> **Task to carry out**:
Look in the listing below for the line that has "From the Museum", then return it and each following line up to and including the one with "Showcasing a magnificent", exactly and without pictures.

**** Extracted information

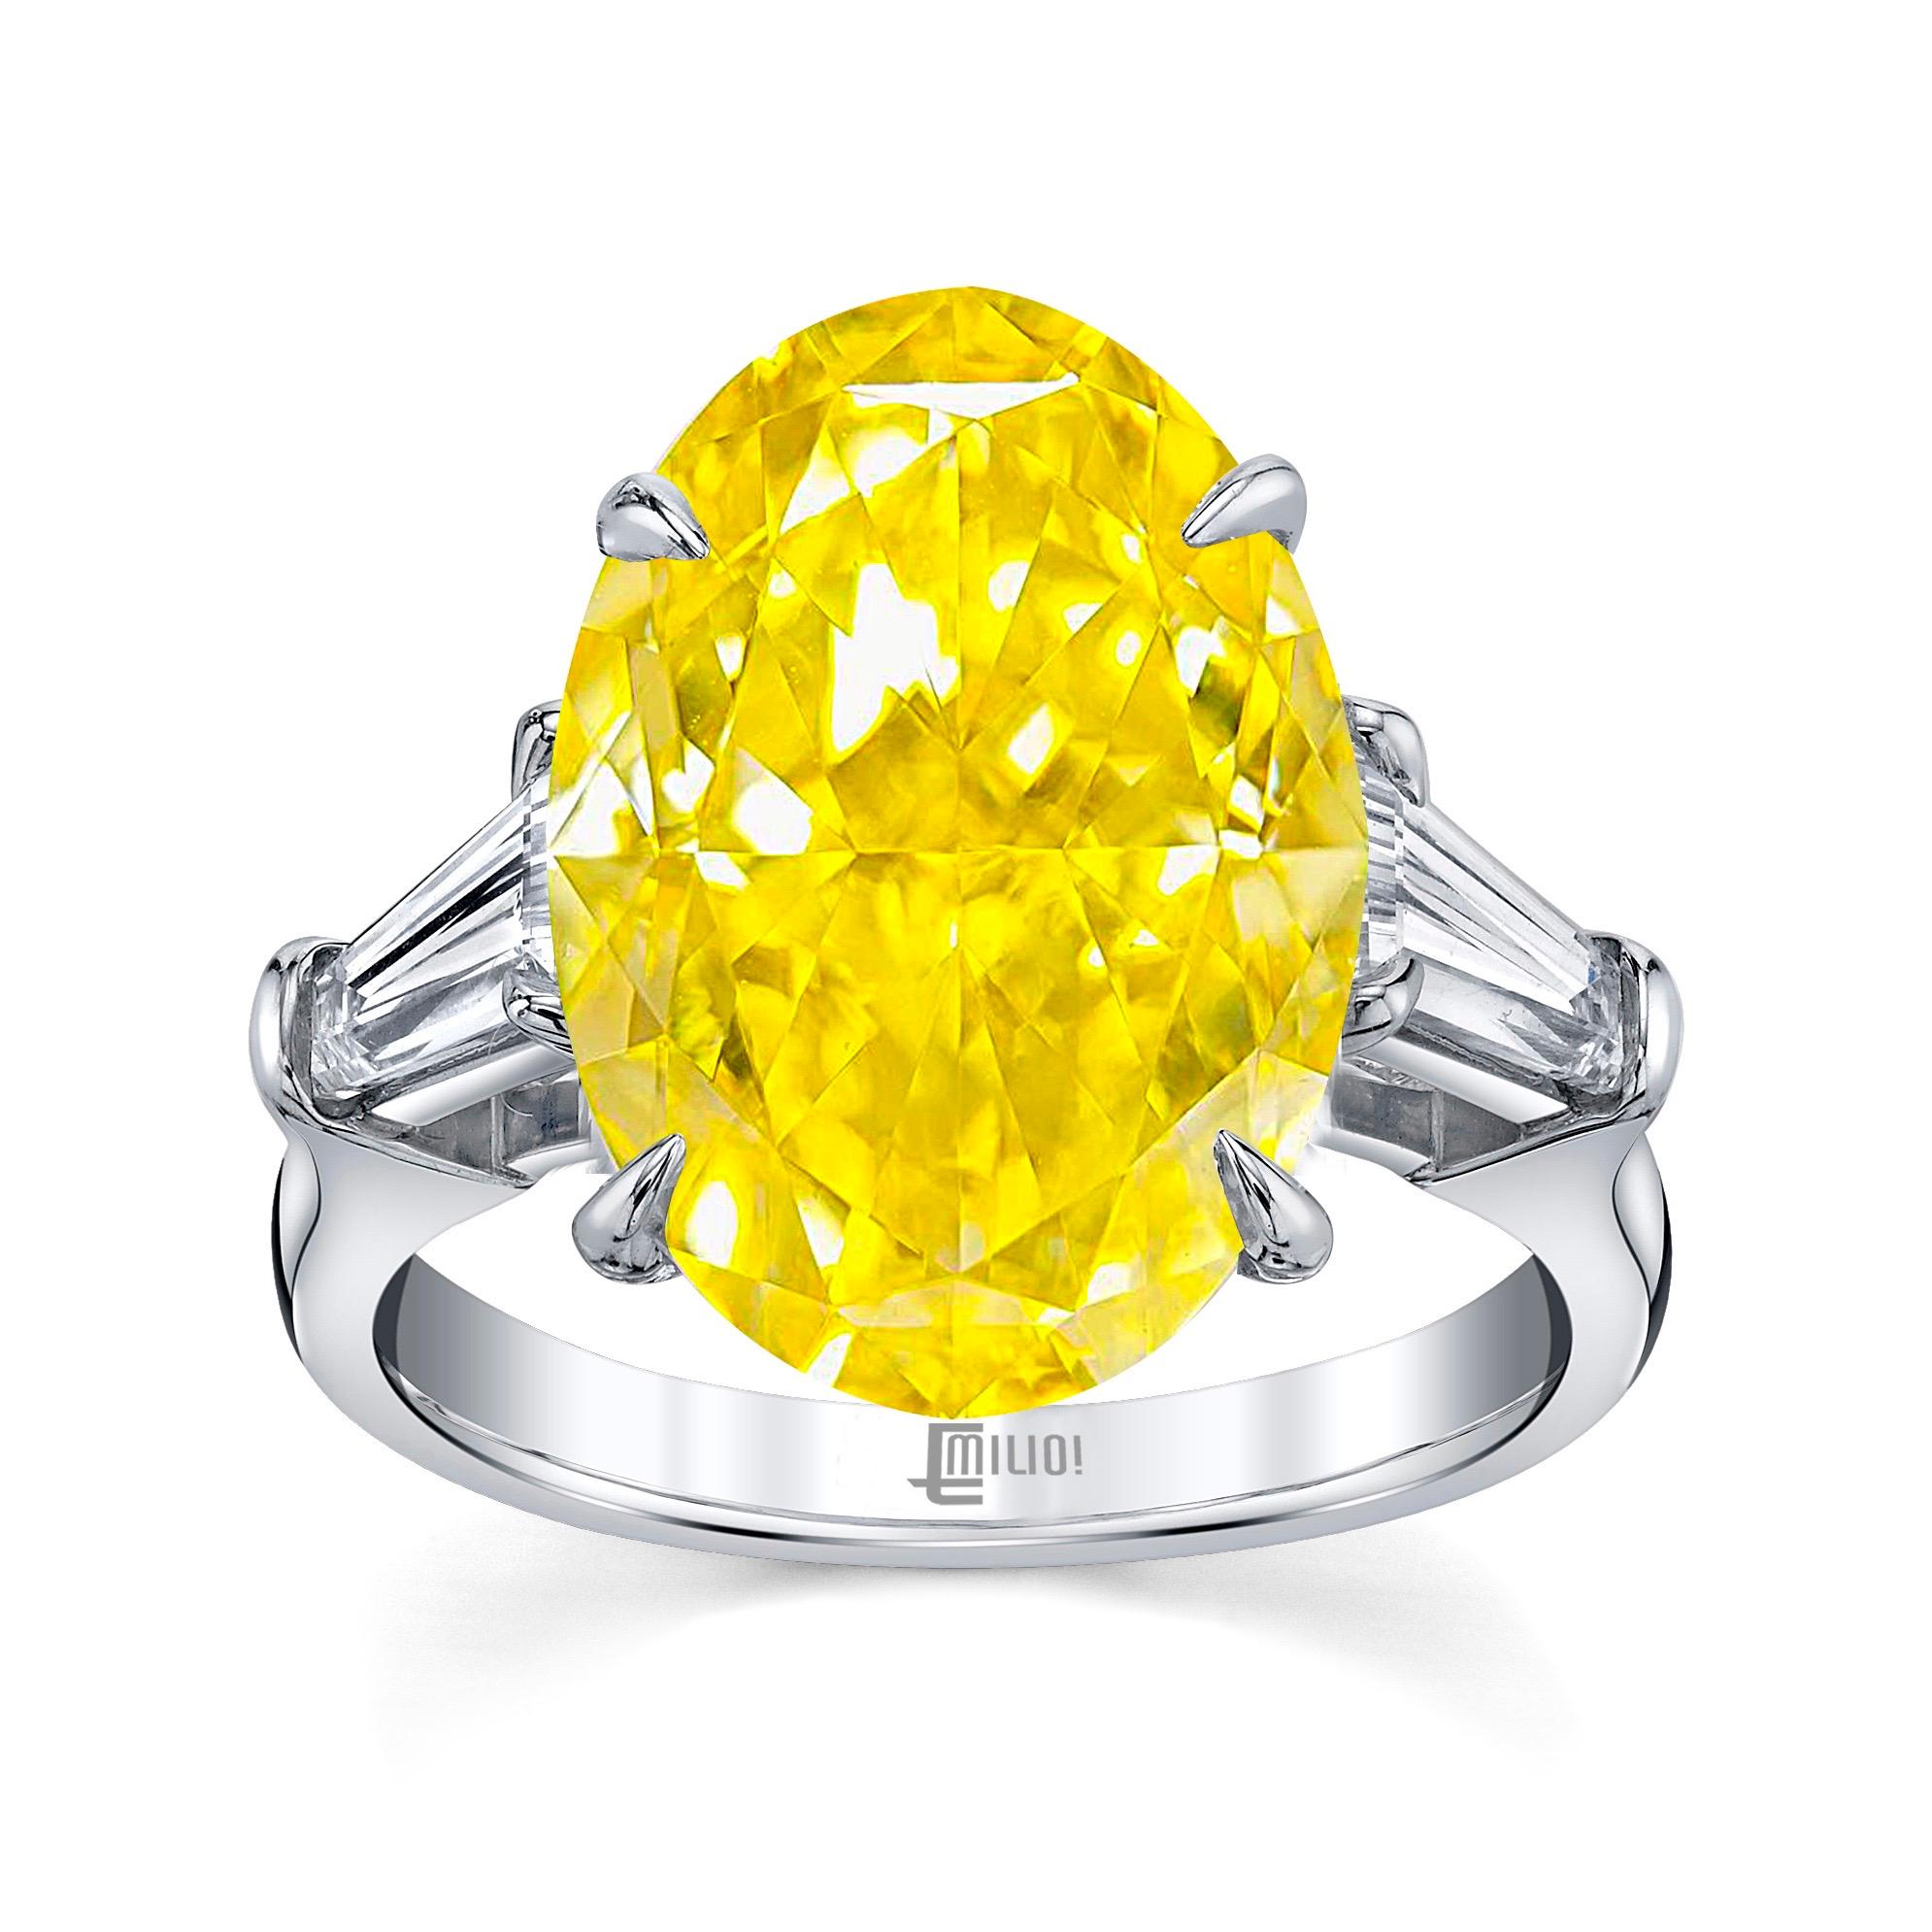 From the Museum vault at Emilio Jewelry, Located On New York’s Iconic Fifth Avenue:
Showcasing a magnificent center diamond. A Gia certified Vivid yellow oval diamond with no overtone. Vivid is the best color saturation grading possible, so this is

********
**** Extracted information

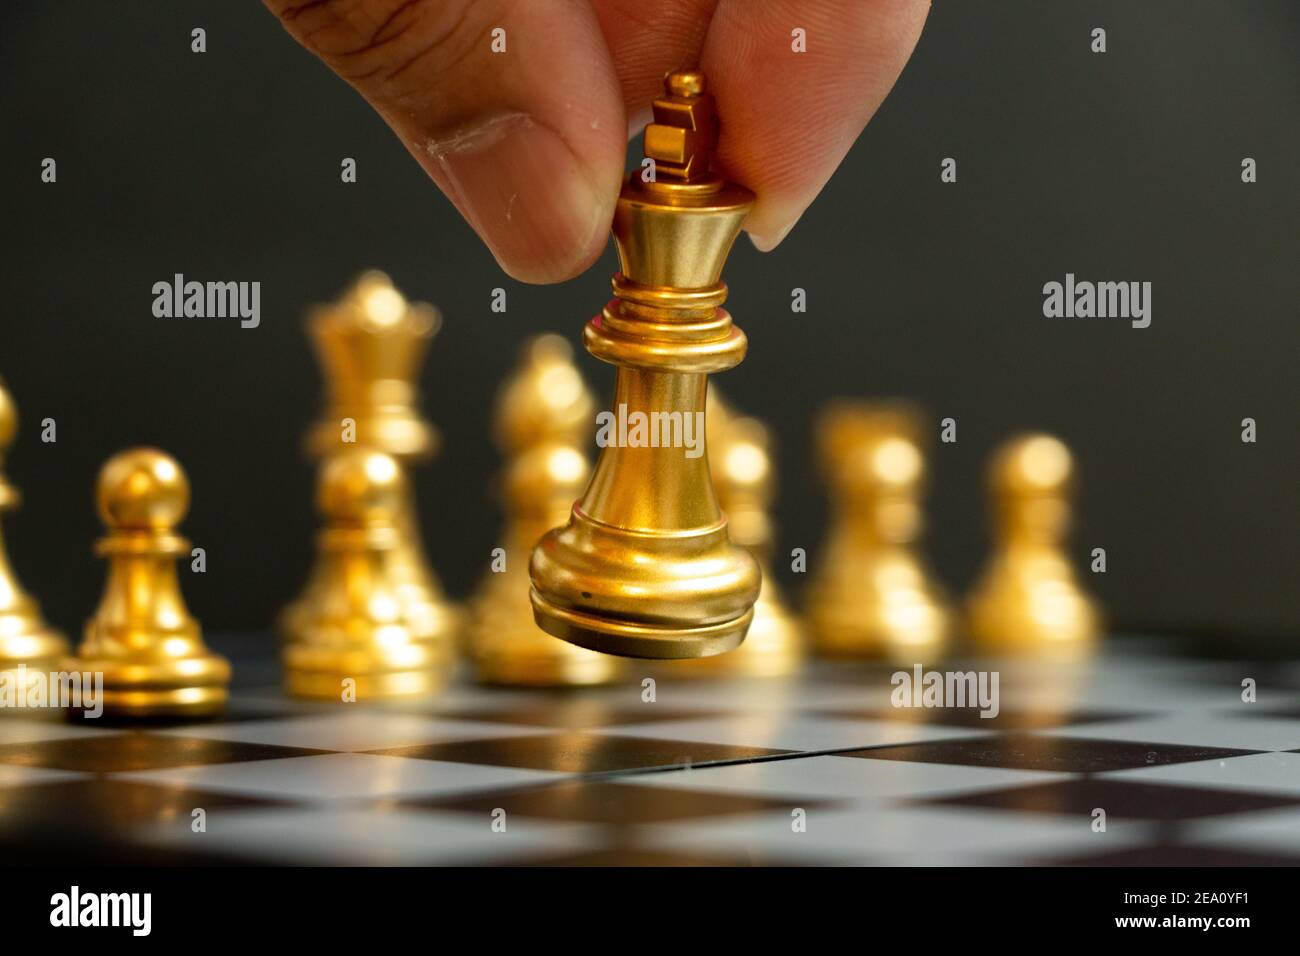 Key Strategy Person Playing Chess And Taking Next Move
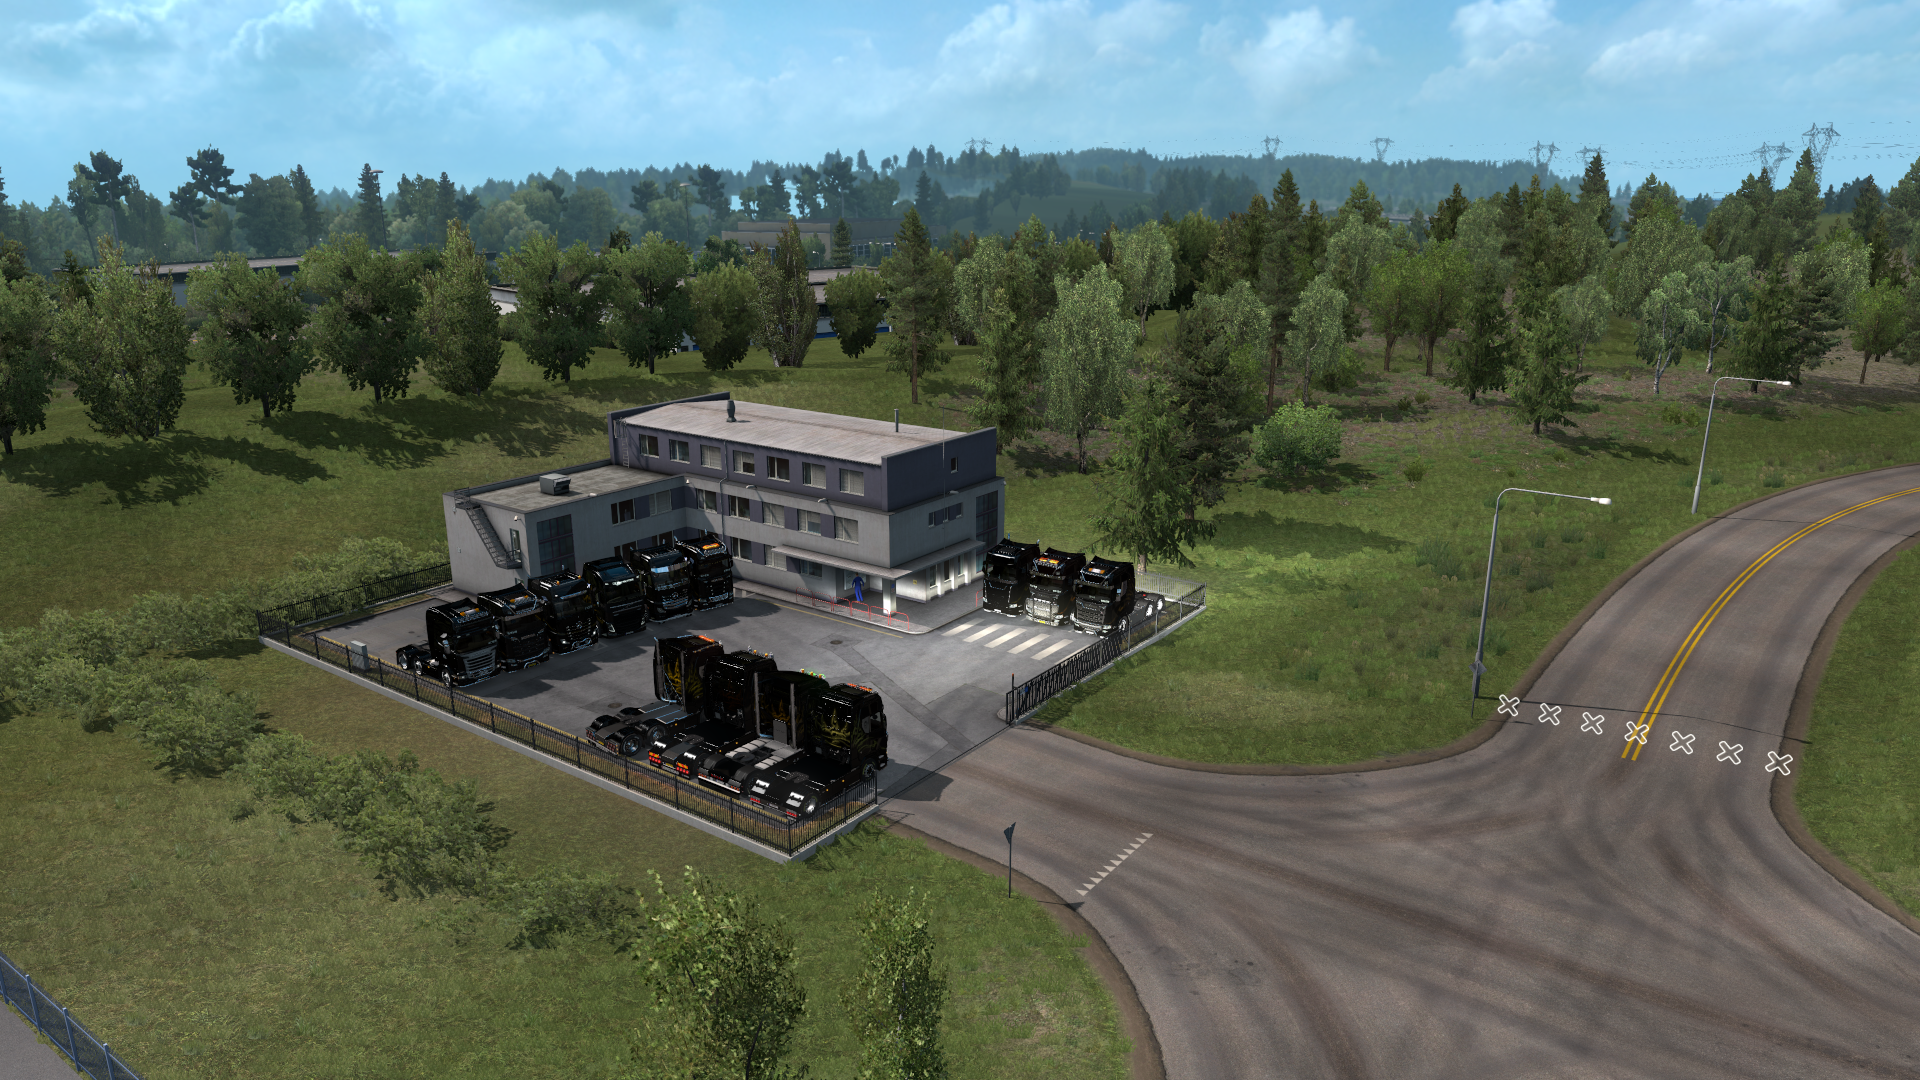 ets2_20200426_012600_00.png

********

> **Written answer**:
 From the Museum vault at Emilio Jewelry, Located On New York’s Iconic Fifth Avenue:
Showcasing a magnificent center diamond. A Gia certified Vivid yellow oval diamond with no overtone. Vivid is the best color saturation grading possible, so this is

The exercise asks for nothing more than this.